Sukabumi-keuskupanbogor.org: Syukur atas kasih, kesetiaan Tuhan terhadap keberadaan dan perjalanan Yayasan Mardi Waluya. Tak terasa, tepat pada tanggal 31 Oktober 2019 Yayasan Mardi Waluya genap 60 tahun.
Dalam sejarah, Yayasan Mardi Waluya didirikan oleh Suster-suster Fransiskan Sukabumi setelah Indonesia merdeka. Seperti yang disampaikan oleh Pelayan Umum Kongregasi SFS dalam sambutanya di buku kenangan, nama Yayasan ini sebelumnya bernama “YAYASAN TOEVLCHT IN LIJDEN” (tempat pengungsian bagi yang menderita), yang melayani bidang kesehatan: Rumah Sakit Santa Lidwina d Sukabumi, Rumah Sakit Santo Yusup di Sukanegara, dan Kliinik di Cibeber Cianjur. Setelah Indonesia merdeka, para suster mendaftarkan diri lagi dengan nama YAYASAN MARDI WALUYA, yang resmi didirikan pada tanggal 31 Oktober 1959. Di hadapan Notaris Bandung Meester Tan Eng Kiam, yayasan ini didaftarkan ke Pengadilan Negeri Sukabumi pada tanggal 19 Desember 1984 dengan nomor Reg. 1271984PN Smi.

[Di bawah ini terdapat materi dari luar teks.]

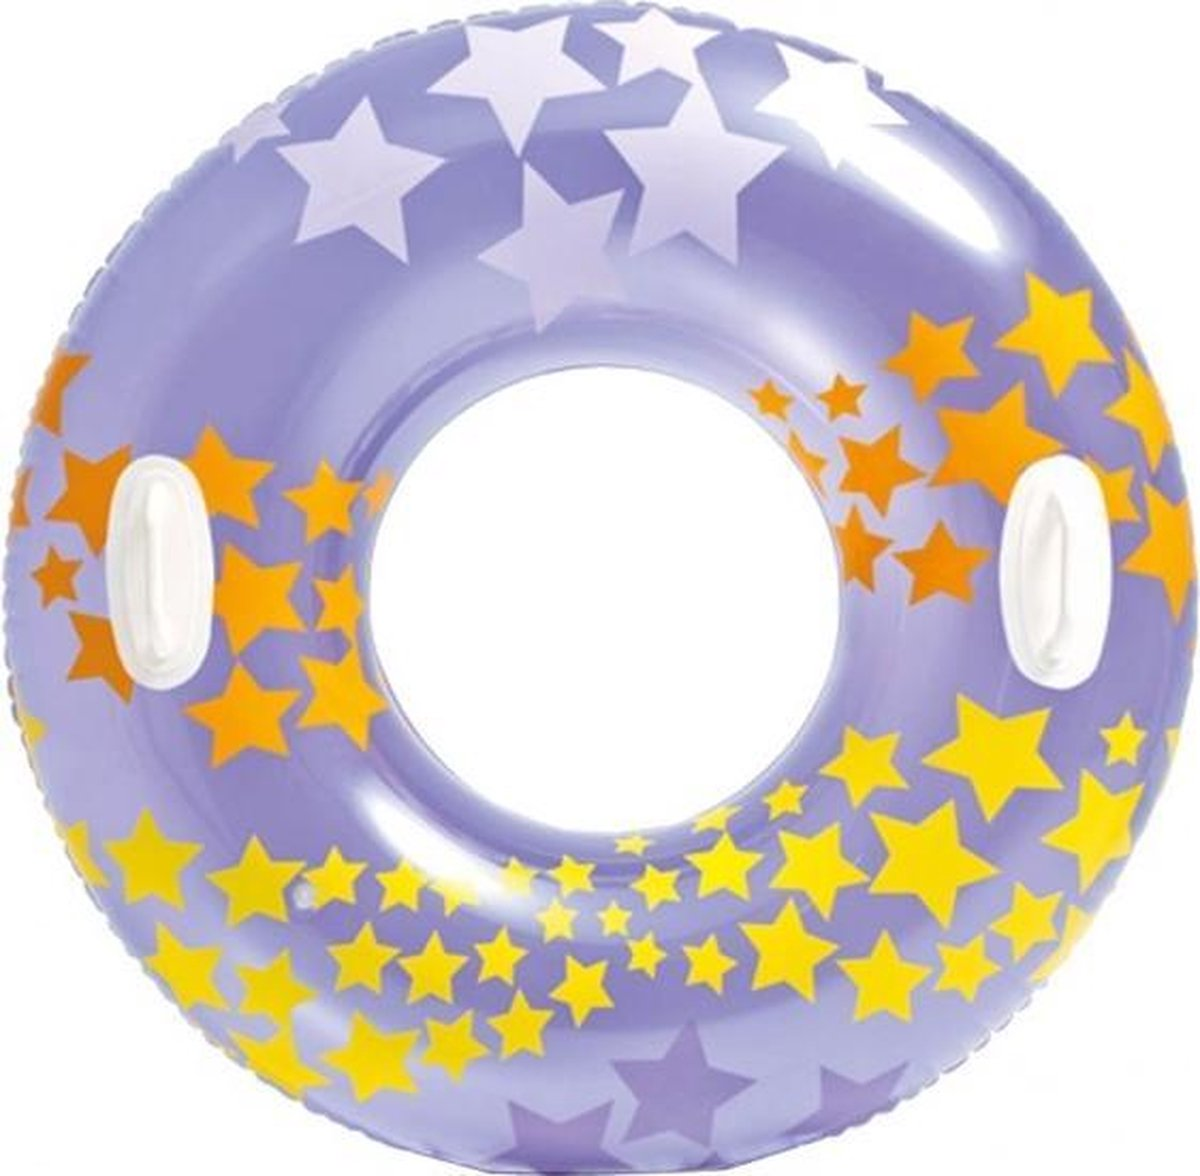 Intex Zwemband Stargaze 91 Cm Paars

Yayasan Mardi Waluya hadir di beberapa tempat di Keuskupan Bogor, yakni : Sukabumi, Sindanglaya, Cibinong, dan Bogor dengan berbagai bidang pelayanan seperti pendidikan (TK, SD, SMP & SMA), kesehatan, dan sosial (Panti Lansia). Yayasan ini didirikan oleh para suster sebagai sarana pengudusan bagi para anggotanya sekaligus menjadi sarana mewujudkan cita-cita pendiri tarekat, Sr. Rosa de Bie, yakni melayani sesama terutama yang membutuhkan.
Kegiatan bidang pendidikan milik Susteran awalnya bernaung di bawah Yayasan Mardi Yuana milik Keuskupan Bogor. Namun sejak tahun 2002, dengan diundangkannya Undang-undang Yayasan no 16 tahun 2001 dan diperbarui dalam no 28 tahun 2004, seluruh kegiatan pelayanan dikelola oleh Yayasan Mardi Waluya. Dengan demikian, sekolah-sekolah binaannya tidak lagi bernaung di bawah Yayasan Mardi Yuana.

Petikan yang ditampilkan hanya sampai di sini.